The fit is not well. It fits the first part of linear relationship well but not the second part of non-linear relationship.
10.4.2 b. Modify the code in an attempt to improve the fit. Specifically, study the effects (as well as interactions) of:
• Modifying how much data (N) we have. • The complexity of the model. • For how many epochs the model is trained.
library(tensorflow)
library(keras)
N <- 10000
x <- runif(N, -2, 3) # Build a Gompertz function with some noise
a <- 10 # ceiling parameter
b <- 0 # horizontal shift parameter
c <- 2 # growth rate parameter
y <- a*exp(-exp(b - c*x)) + rnorm(N, mean=0, sd= a/10)
plot(x,y) # format data in a way model.fit() would like it
x <- as.matrix(x)
y <- as.matrix(y) # sequence along x for later prediction
xnew <- as.matrix(seq(from=min(x), to=max(x), length.out=1000)) # Build and compile simple model
model <- keras_model_sequential() |>
layer_dense(units=32, activation="relu", input_shape=1) |>
layer_dense(units=16, activation = "relu") |>
layer_dense(units=1, activation="linear")
model |> compile(
loss = "mse",
optimizer = "adam",
metrics = list("mean_absolute_error")
)
# Fit model, get predictions, and display result.
model |> summary()## Model: "sequential_1"

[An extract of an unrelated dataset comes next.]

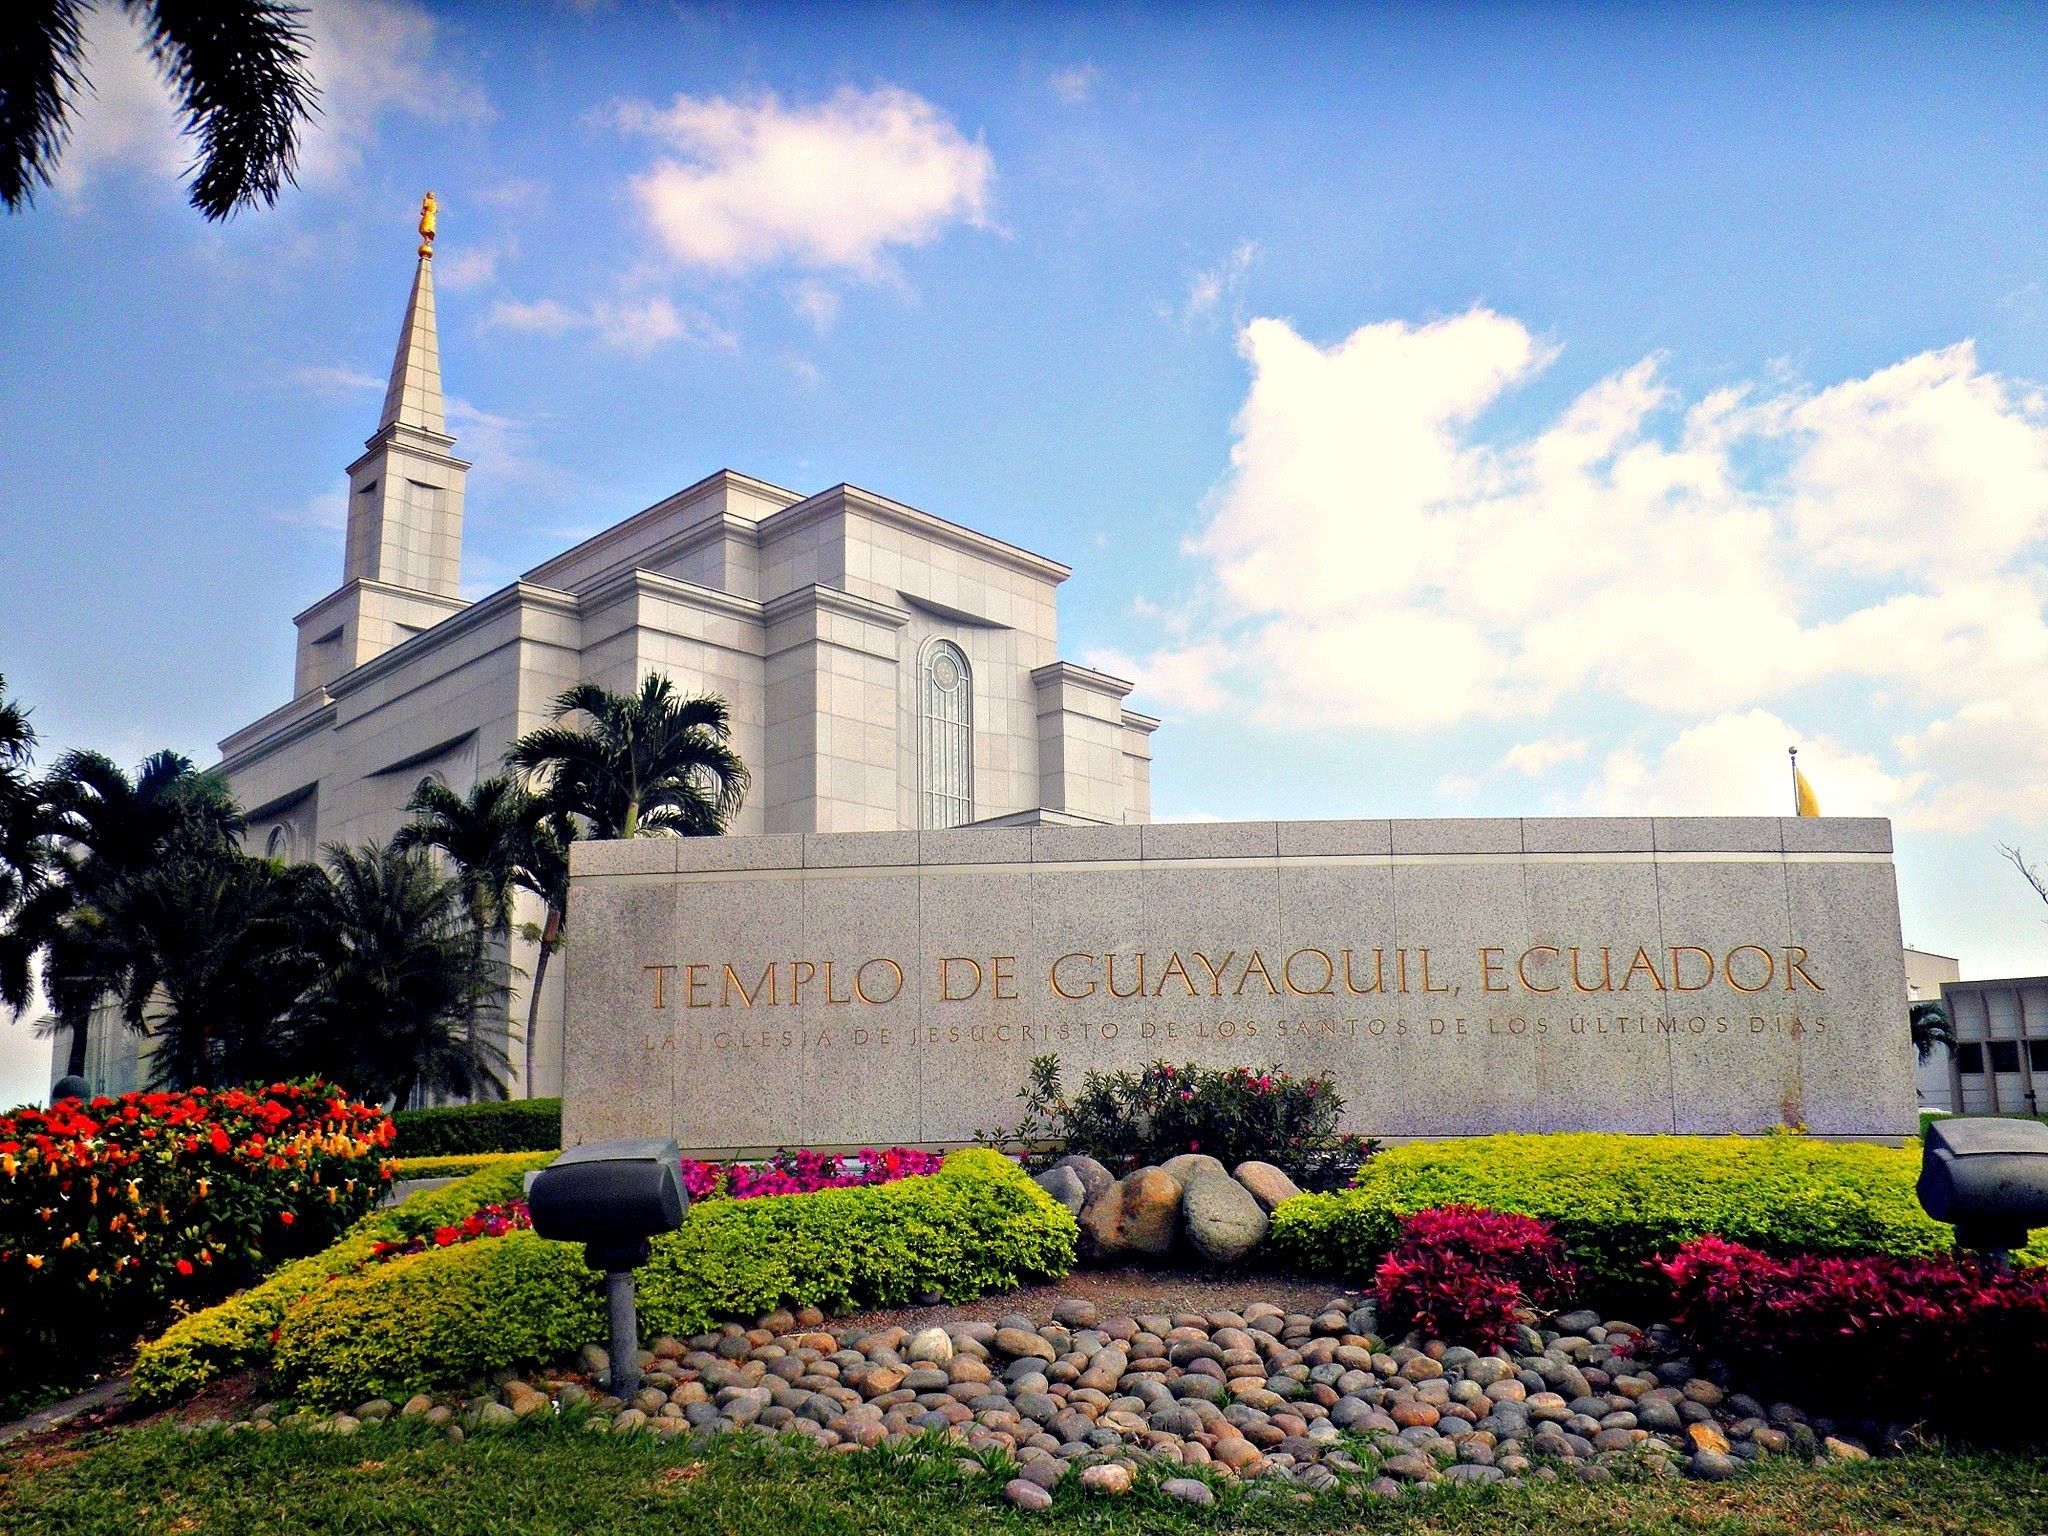 Guayaquil Ecuador Temple Sign

## ________________________________________________________________________________
## Layer (type) Output Shape Param #
## ================================================================================
## dense_5 (Dense) (None, 32) 64
##
## dense_4 (Dense) (None, 16) 528
##
## dense_3 (Dense) (None, 1) 17
##
## ================================================================================
## Total params: 609
## Trainable params: 609
## Non-trainable params: 0
## ________________________________________________________________________________# Can change verbose > 0 to see plots and text output as model trains
model |> fit(x, y, epochs = 100, verbose = 0)
y_pred = model |> predict(xnew)
plot(x, y)
lines(xnew, y_pred, col="red")
plot(x, y)
lines(xnew, y_pred, col="red")
The model fits much better after I added more data for training and let it train for more iterations.